Source material Start Marker
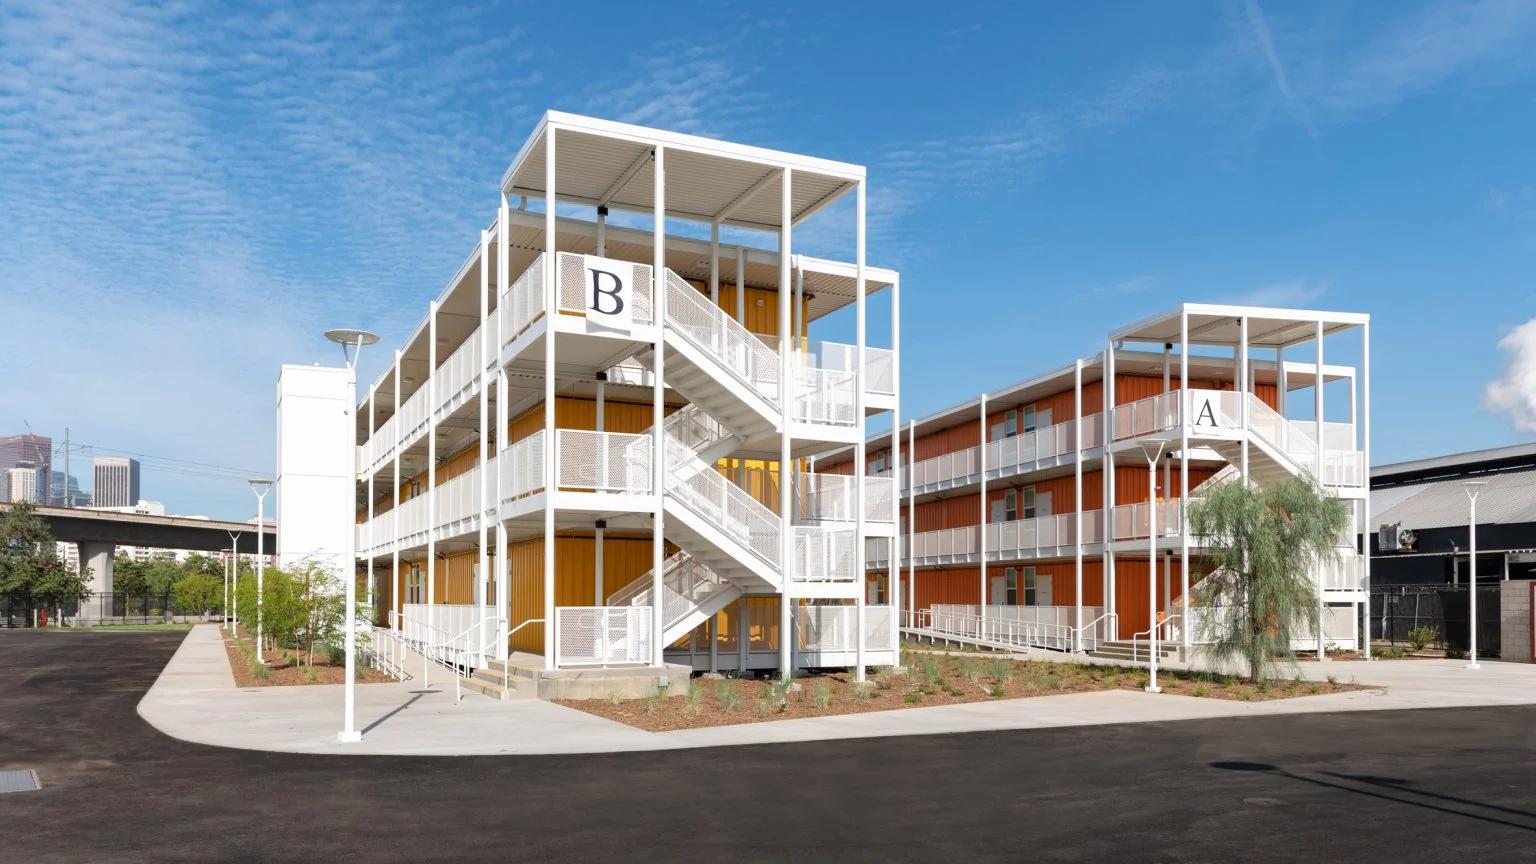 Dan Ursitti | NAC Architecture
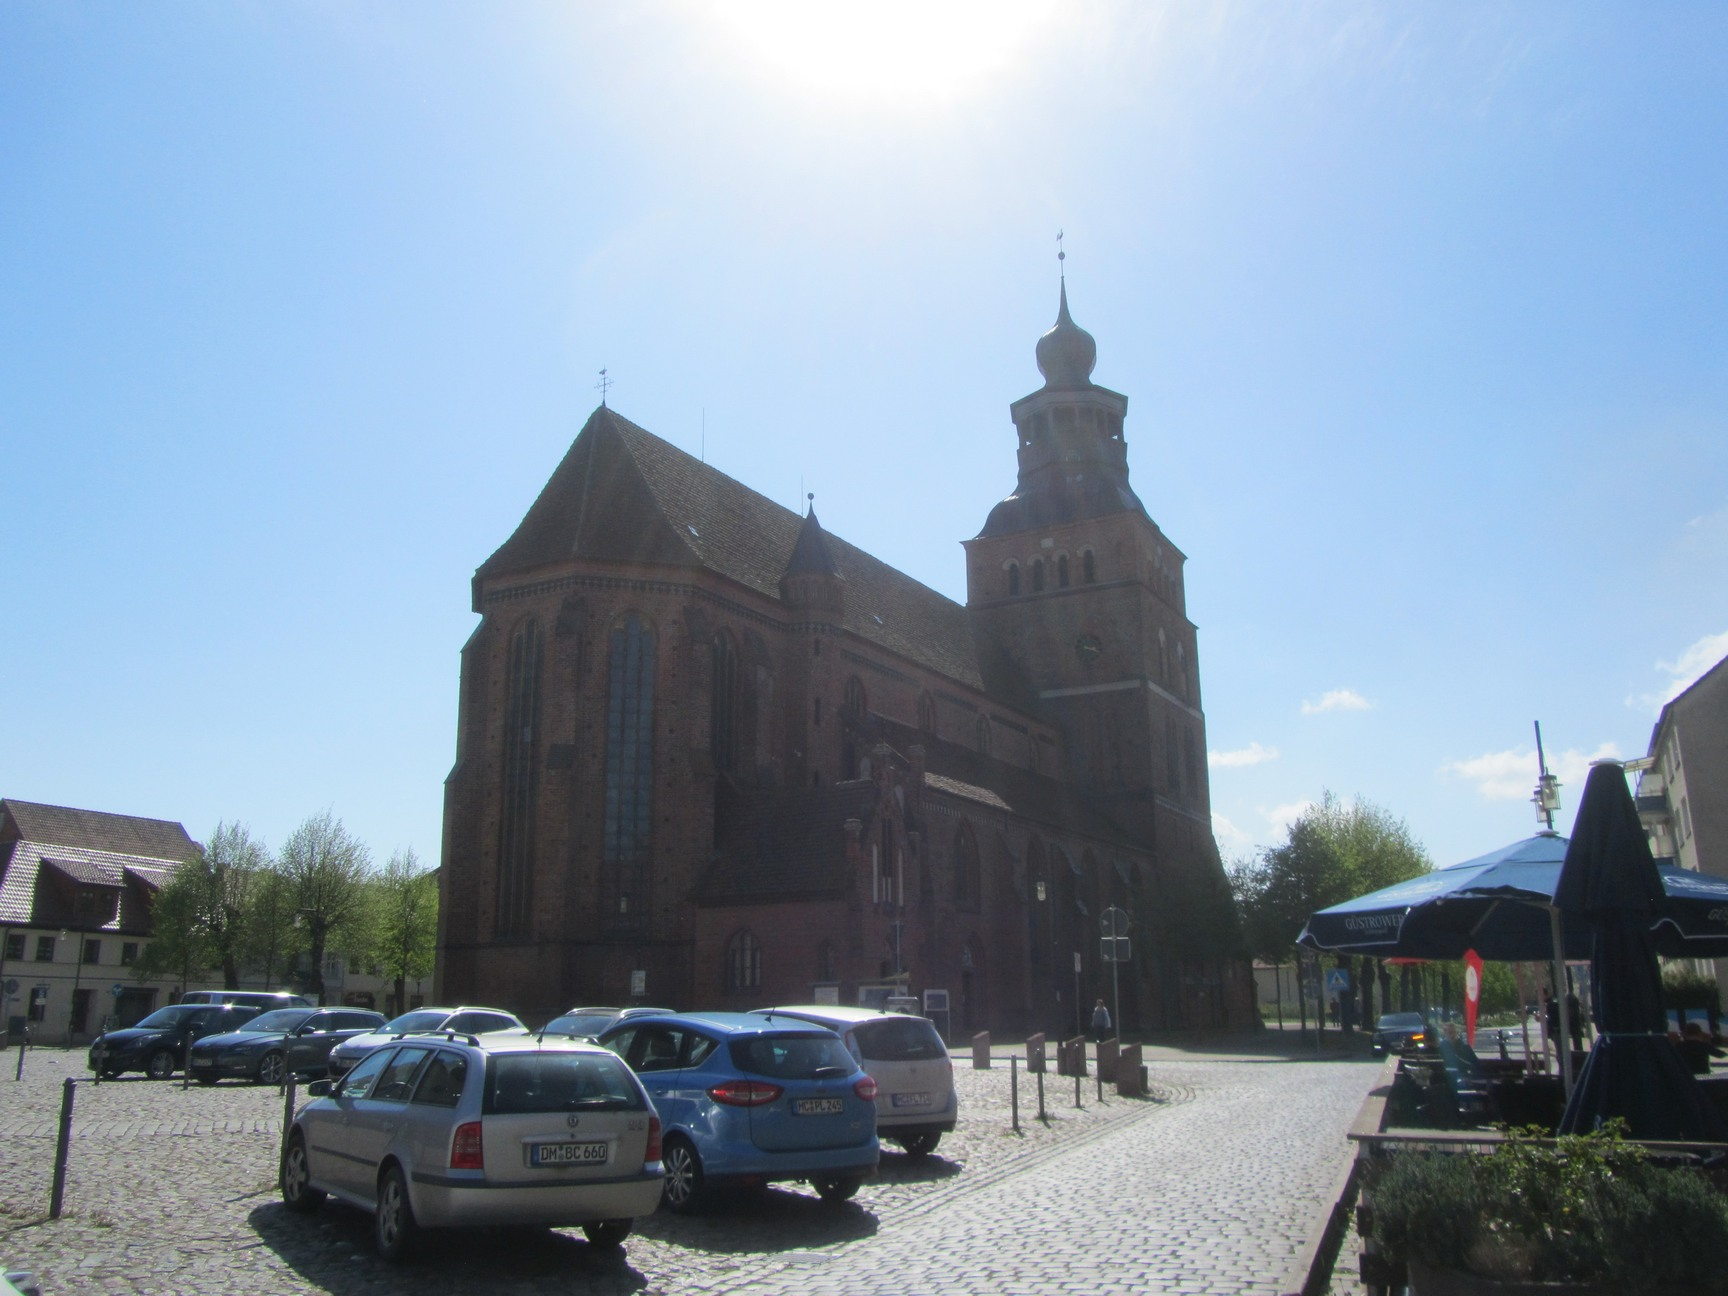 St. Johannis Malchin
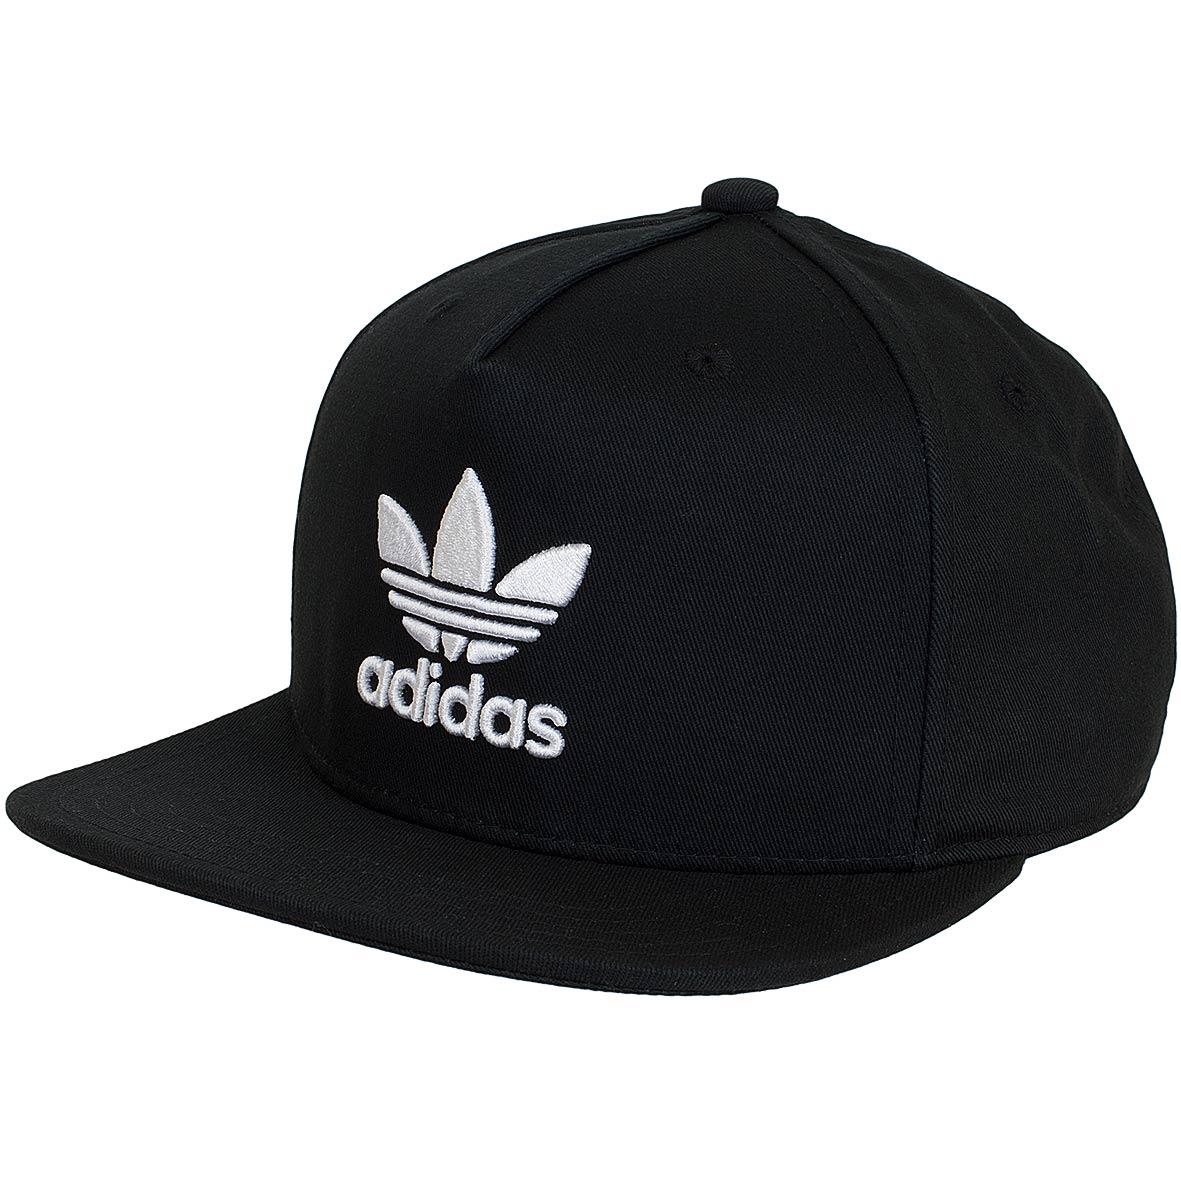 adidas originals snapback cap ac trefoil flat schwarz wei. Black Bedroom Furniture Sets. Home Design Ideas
Source material End Marker
→ **Required work**
Begin the copy at the line containing "St. Johannis Malchin" and end it at the final line of the material above, reproducing each line exactly and omitting pictures.

→ **Answer box**
 St. Johannis Malchin
 adidas originals snapback cap ac trefoil flat schwarz wei. Black Bedroom Furniture Sets. Home Design Ideas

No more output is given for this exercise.